Genes that drive the pathobiology of pediatric pulmonary arterial hypertension

Emerging data from studies of pediatric‐onset pulmonary arterial hypertension (PAH) indicate that the genomics of pediatric PAH is different than that of adults. There is a greater genetic burden in children, with rare genetic factors contributing to at least 35% of pediatric‐onset idiopathic PAH (IPAH) compared with ~11% of adult‐onset IPAH. De novo variants are the most frequent genetic cause of PAH in children, likely contributing to ~15% of all cases. Rare deleterious variants in bone morphogenetic protein receptor 2 (BMPR2) contribute to pediatric‐onset familial PAH and IPAH with similar frequency as adult‐onset. While likely gene‐disrupting (LGD) variants in BMPR2 contribute across the lifespan, damaging missense variants are more frequent in early‐onset PAH. Rare deleterious variants in T‐box 4‐containing protein (TBX4) are more common in pediatric‐compared with adult‐onset PAH, explaining ~8% of pediatric IPAH. PAH associated with congenital heart disease (APAH‐CHD) and other developmental disorders account for a large proportion of pediatric PAH. SRY‐related HMG box transcription factor (SOX17) was recently identified as an APAH‐CHD risk gene, contributing less frequently to IPAH, with a greater prevalence of rare deleterious variants in children compared with adults.

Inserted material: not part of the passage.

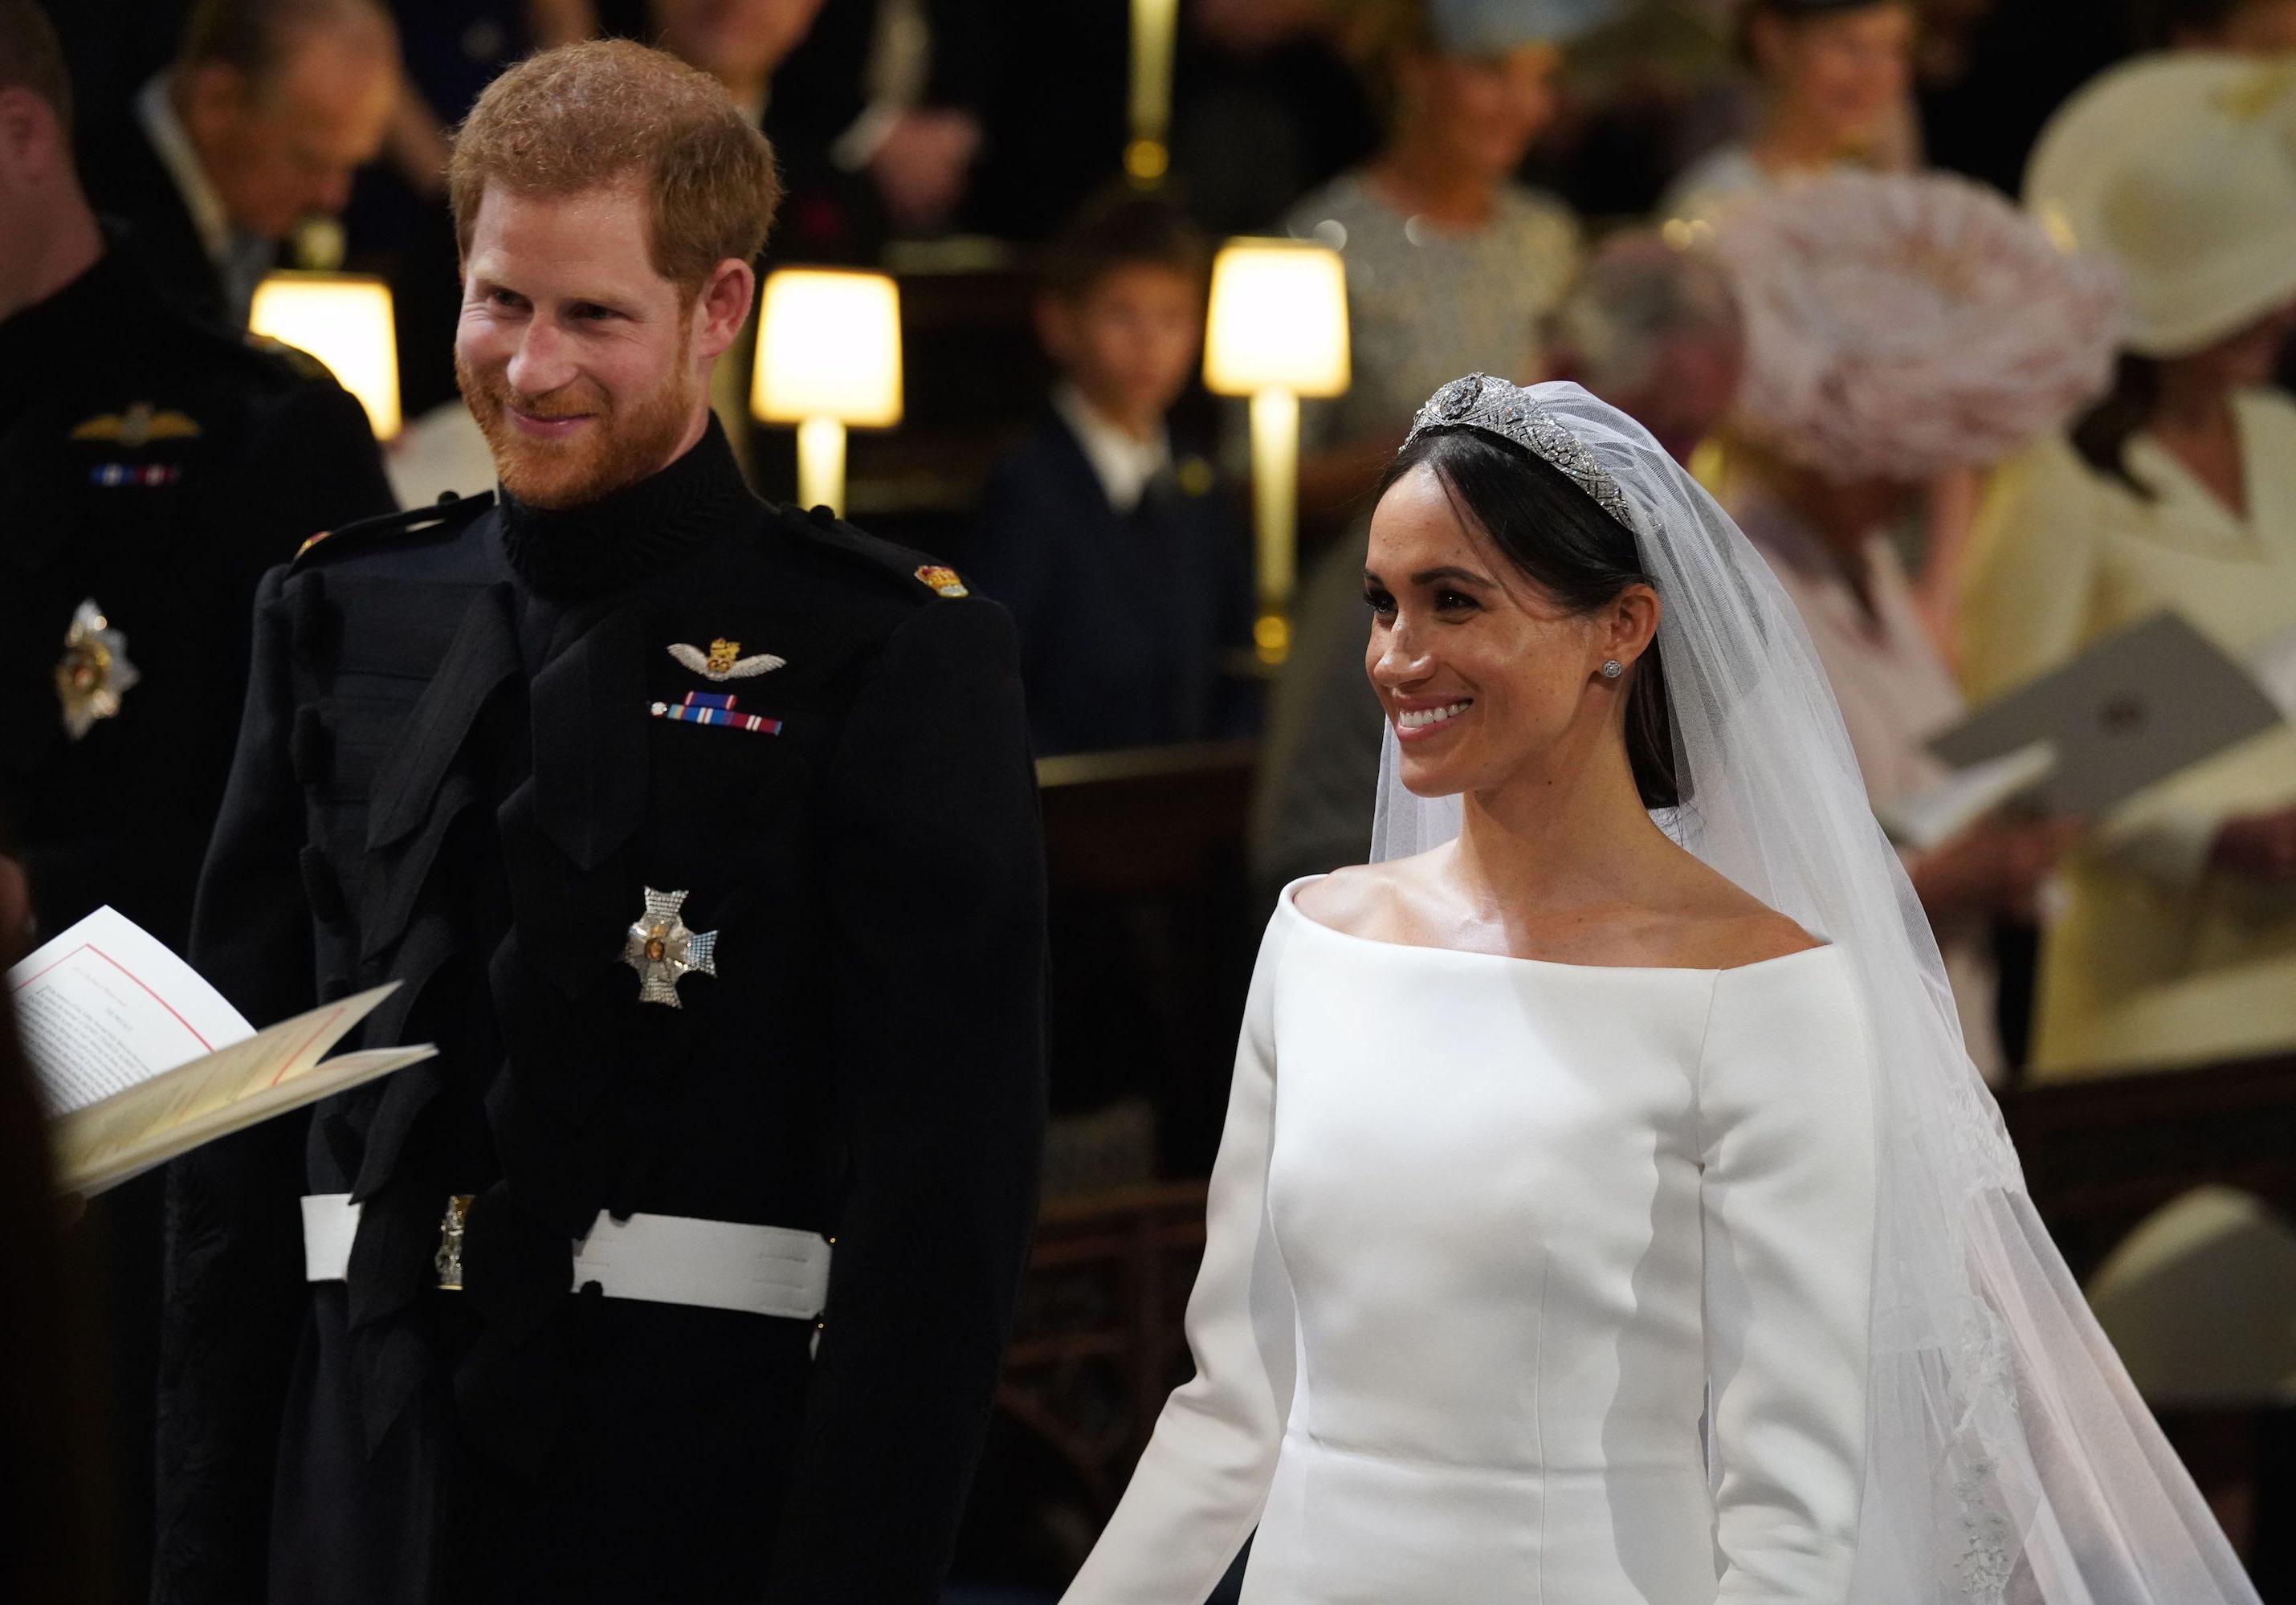 Le mariage des Sussex, le 19 mai 2028 `| Photo : Getty Images
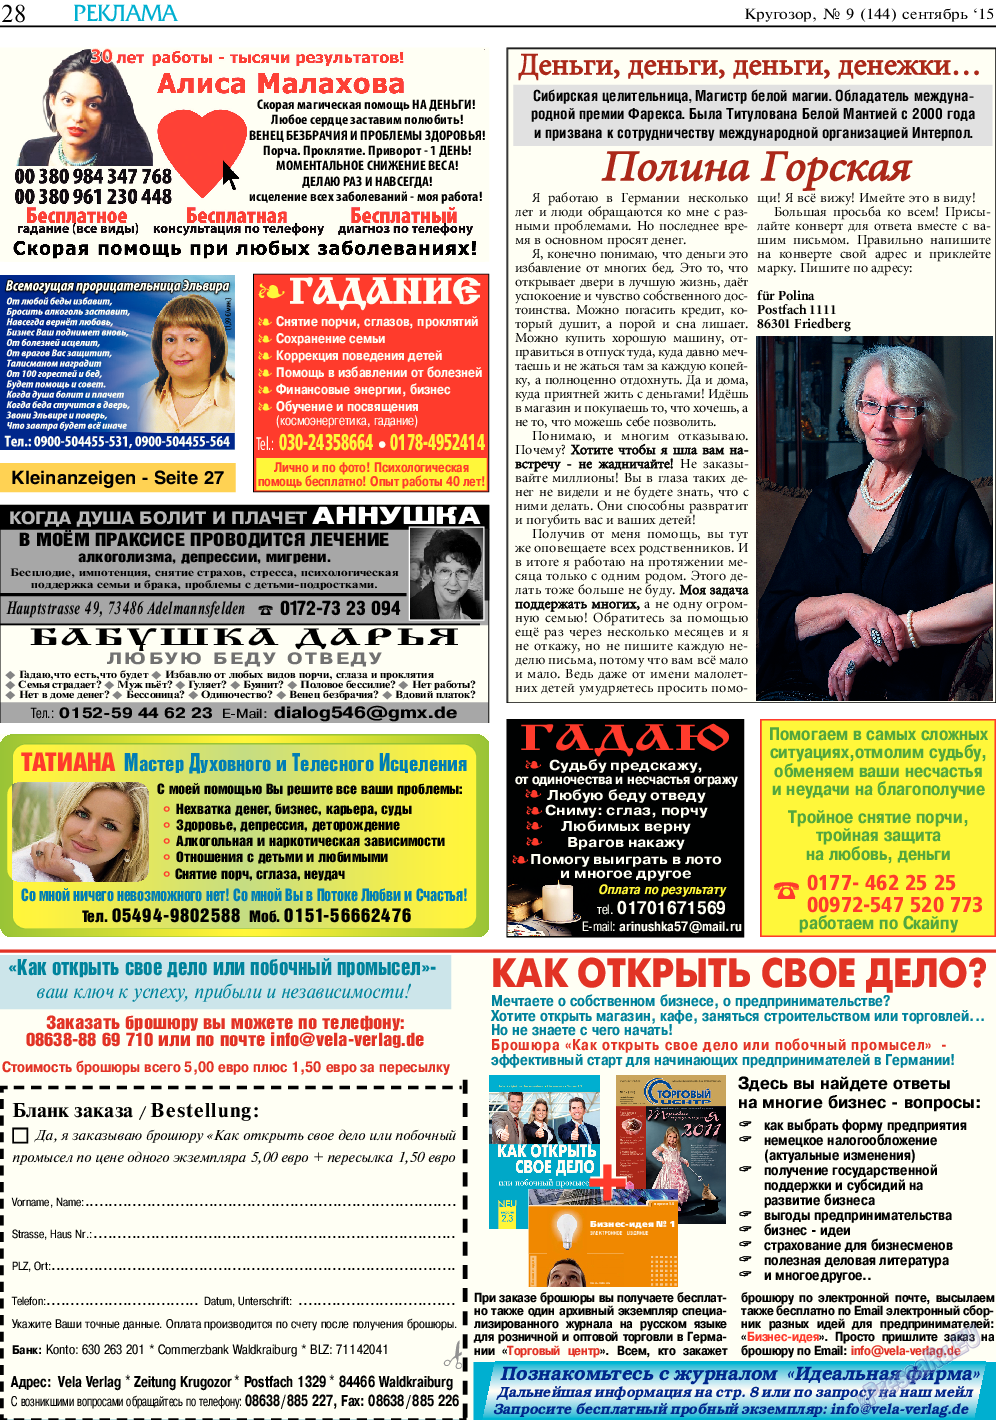 Кругозор (газета). 2015 год, номер 9, стр. 28

The differences in genetic burden and genes underlying pediatric‐ vs adult‐onset PAH indicate that genetic information relevant to pediatric PAH cannot be extrapolated from adult studies. Large cohorts of pediatric‐onset PAH are necessary to identify the unique etiological differences of PAH in children, as well as the natural history and response to therapy.